At the termination of experiments, mice were sacrificed by CO2 inhalation, tissue was obtained to confirm genotype, and the vasculature was irrigated with phosphate-buffered saline (PBS). Eyes were removed, fixed in 4% paraformaldehyde for 2 hours, and then processed for the preparation of retinal flat mounts (cut into 4 quadrants[116,117]). Retinal samples were permeated with 0.5% Triton X-100 for 15 minutes at −80 °C, exposed to mouse anti-mouse Brn3a antibody (Millipore; diluted 1:200 in blocking buffer [2% bovine serum albumin and 2% Triton]) overnight at 4 °C, then incubated with donkey anti-mouse IgG antibody (Millipore; diluted 1:200 in blocking buffer) for 2 hours at room temperature.
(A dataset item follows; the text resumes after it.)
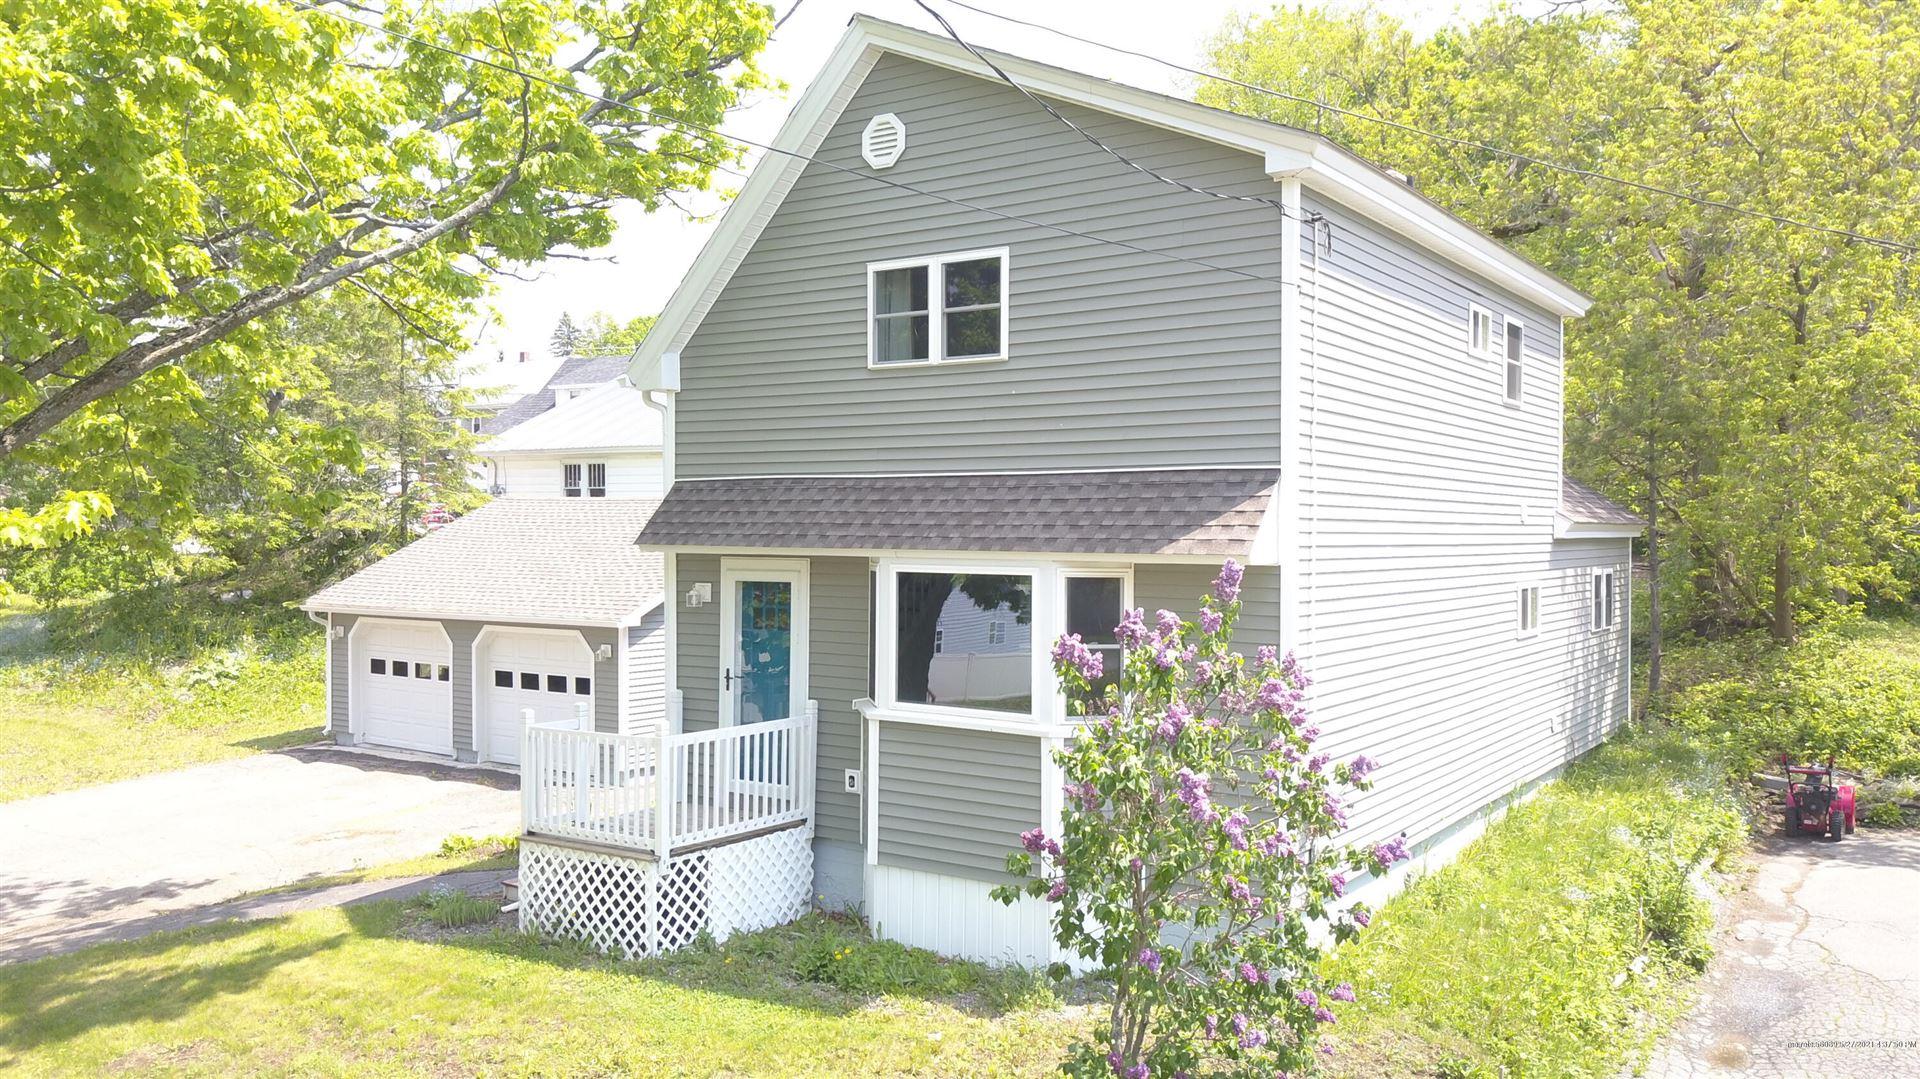 Photo of 47 Oak Street, Presque Isle, ME 04769 (MLS # 1493622)

The use of the mouse anti-mouse Brn3a antibody for the identification of RGCs in mouse retinal sections has previously been described[118,119]. Samples were then mounted and RGCs were imaged with a confocal microscope (Leica TCS SP5 CLSM, zoom = 800 fold). RGCs were counted manually in 3 random areas along the centerline of each quadrant (total = 3 counts/quadrant, 12 counts/retina). More specifically, we used the optic nerve head as the origin with 3 standard regions distributed at 1-mm intervals along the central line of each quadrant. The area of each region at 800x magnification equaled 0.037 mm2. This analytical approach permitted us to account for retinal eccentricity. Overall, we optimized the techniques for the identification of mouse RGCs (Fig. 3).

Figure 3

Immunohistochemical identification of mouse RGCs. Retinal samples were mounted and RGCs imaged with a confocal microscope. Cells were counted manually in 3 random areas along the centerline of each quadrant (total = 3 counts/quadrant, 12 counts/retina). RGCs were clearly visible by using a primary anti-Brn3a antibody and a secondary anti-IgG antibody.

Statistical analyses

Normality of the data was confirmed by using the Shapiro-Wilk and Kolmogorov-Smirnov tests. Unless otherwise noted, IOP and RGC comparisons were performed with two-tailed Student’s t-tests. A P < 0.05 was considered significant. Data are provided as the mean and standard error. All statistical analyses were performed with SPSS (IBM, Armonk, New York) and/or Prism 7 (GraphPad Software, Inc., La Jolla, CA).

Data availability statement

All data generated or analyzed during this study are included in this published article.